Event-B-based proof obligations constants, variables, invariants, guards, and events are specified. Event-B verified the invariants and guards by using formal proofs. Events play the most vital role in proving the behavioral aspects of the system-of-systems. We have constructed multiple levels of abstractions for exhaustive-proofs, with each having a different refinement level, and safety and liveness properties are exhaustively analyzed and proved.

The CP-Nets model specifies a rigorous and precise model of the flood-WMR SoS, centered on the correct properties of safety and liveness. The proposed approach uses two industrial-strength formal methods for the requirement analysis, modeling, formal proving, refinement, abstraction, and model-checking of the flood-WMR SoS.

Induction-based exhaustive formal proof methods such as Event-B proofs and CP-Nets model checking perform the formal verification and validation. One of the main challenges of this work is to introduce verification and validation methodologies based on an amalgamation of formal methods and techniques. We have proposed transformations from one formal-method specification to another specification for exhaustive verification and state-space evaluation. This transformation allows Event-B context and machine conversion into CP-Nets, allowing set theory and first-order predicate-calculus-based formal proofs and temporal logic-based model checking.

A flood-WMR SoS shows the process of such formal verification and validation approach in the flood monitoring context. This contribution has several perspectives. One of them is a detailed formal-representation of the transformation based on the rules and a software platform developed for its automation. The design and development of an automatic conversion tool are required to facilitate the generation of Event-B context and machines, as it takes a long time to establish them manually, especially for large models.

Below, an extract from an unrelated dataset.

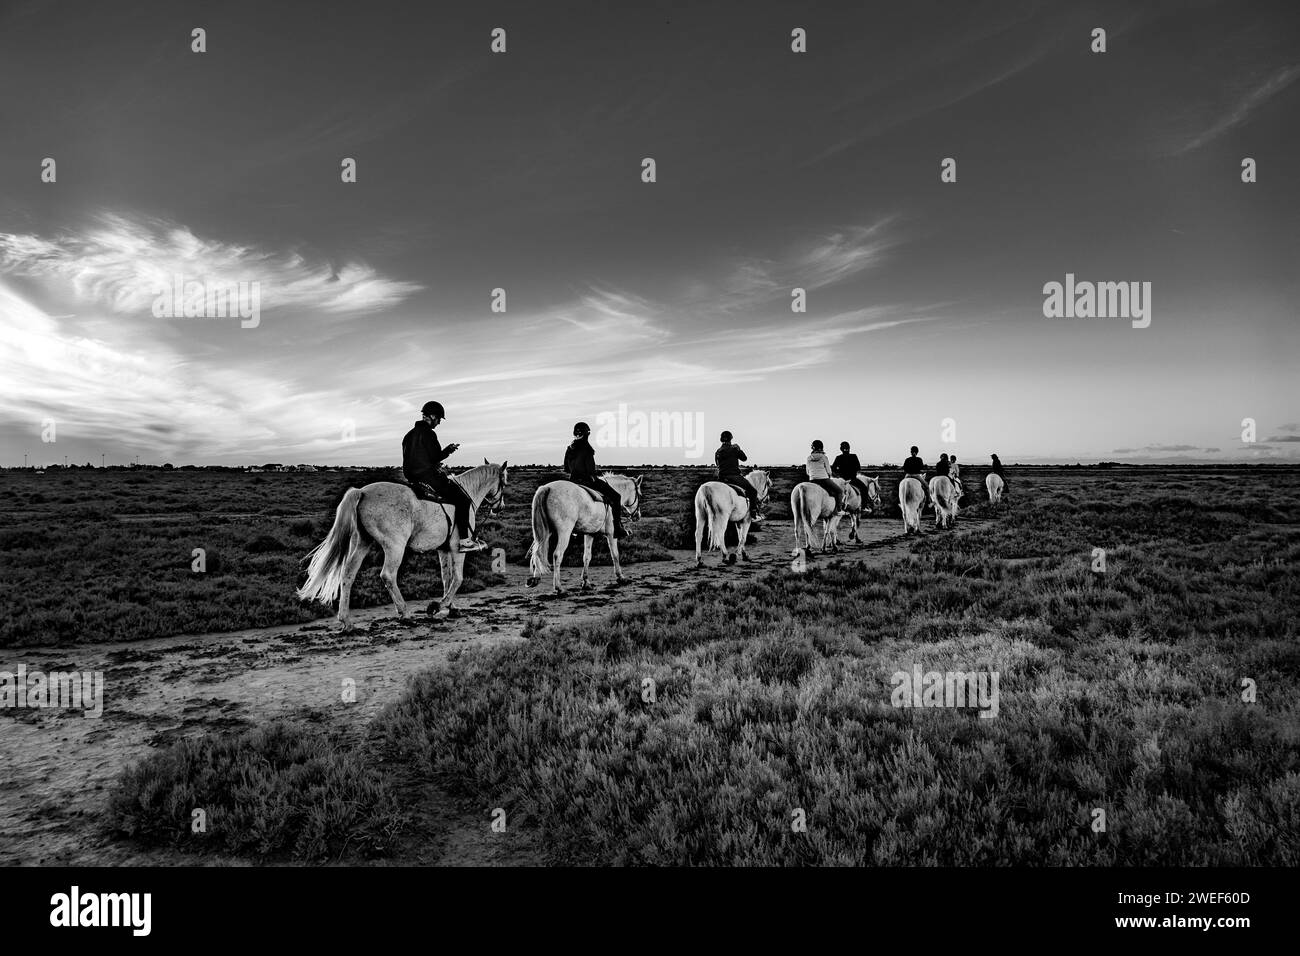 Un groupe de personnes à cheval le long d'un chemin poussiéreux dans une capture captivante en noir et blanc Banque D'Images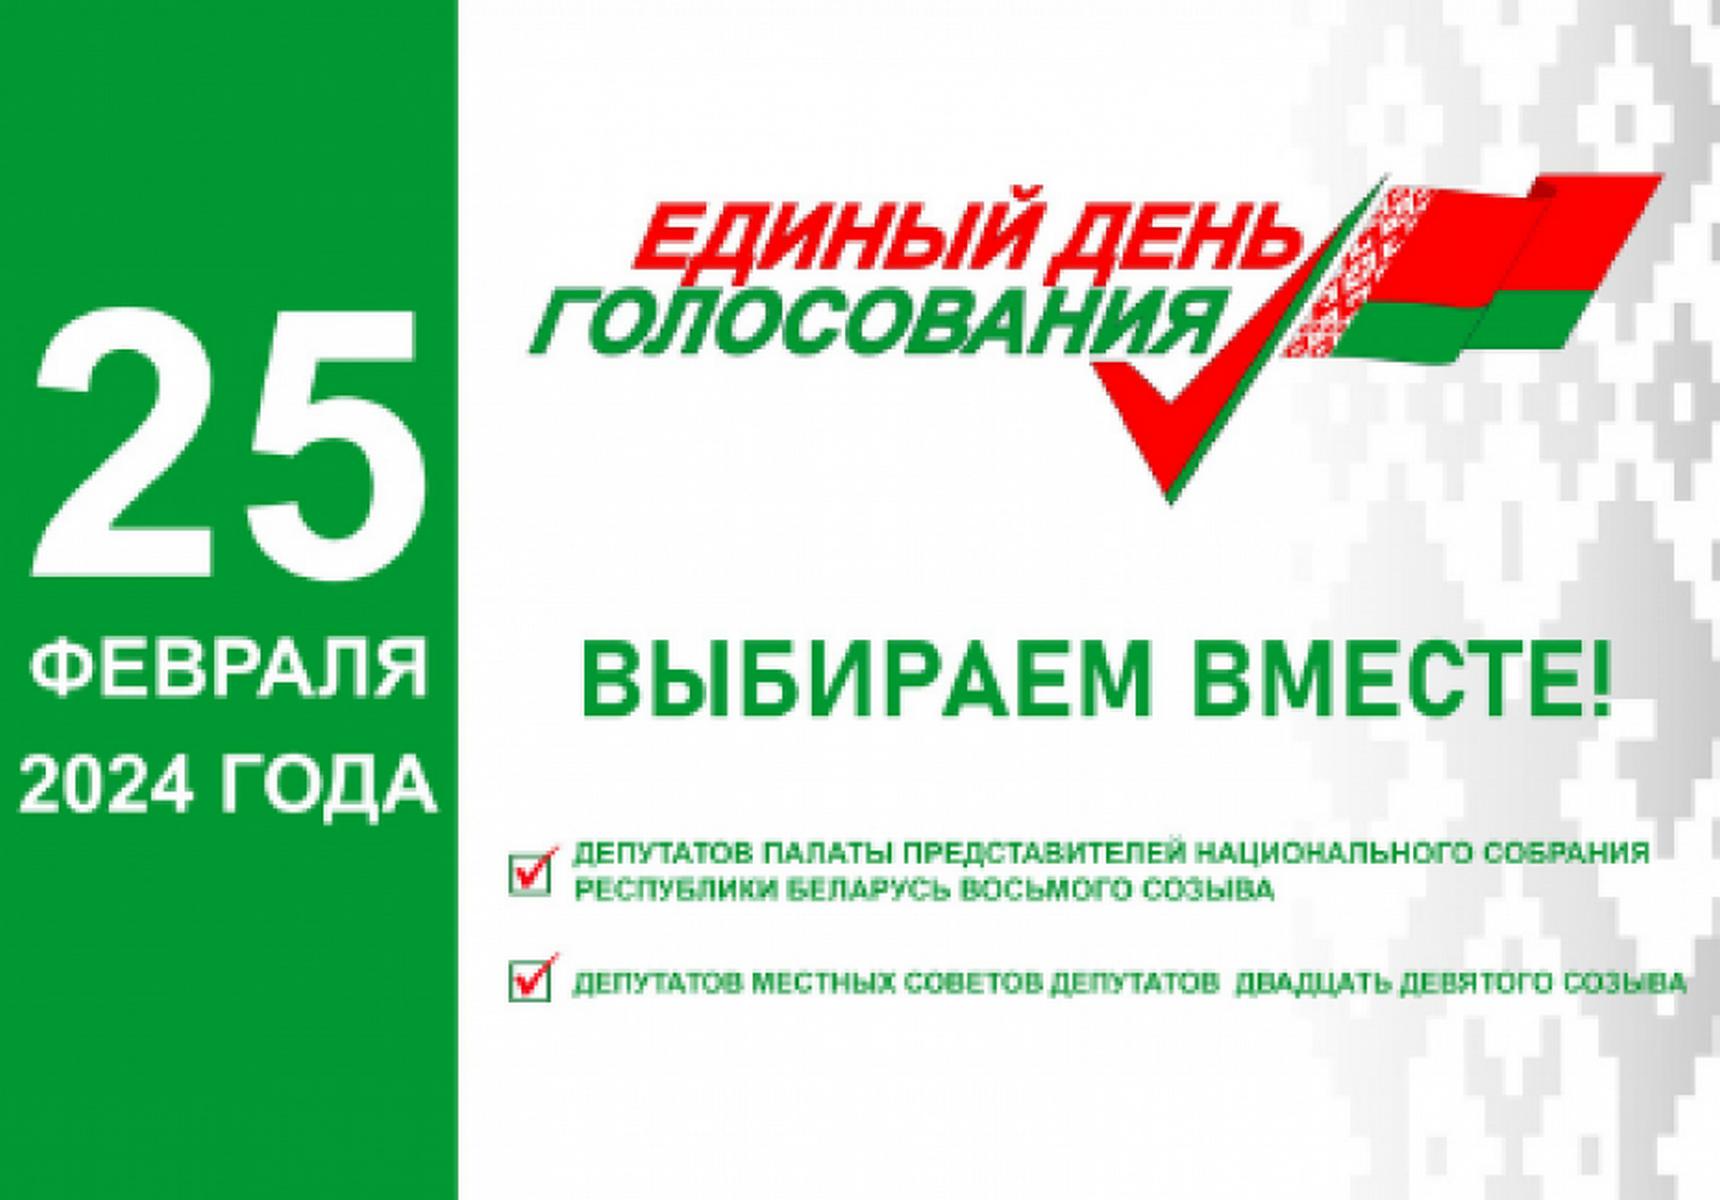 Единый день голосования пройдёт в Беларуси 25 февраля 2024 года

This work also allows bridging the gap between formal proofs of Event-B and model checking based on CP-Nets. It allows rigorous specifications and verification. The objective is to design and develop an approach for the formal specification, verification, and validation of a correct flood-WMR SoS.

Data Availability

The data used to support the findings of this study are included within the article.

Conflicts of Interest

The authors declare that there are no conflicts of interest.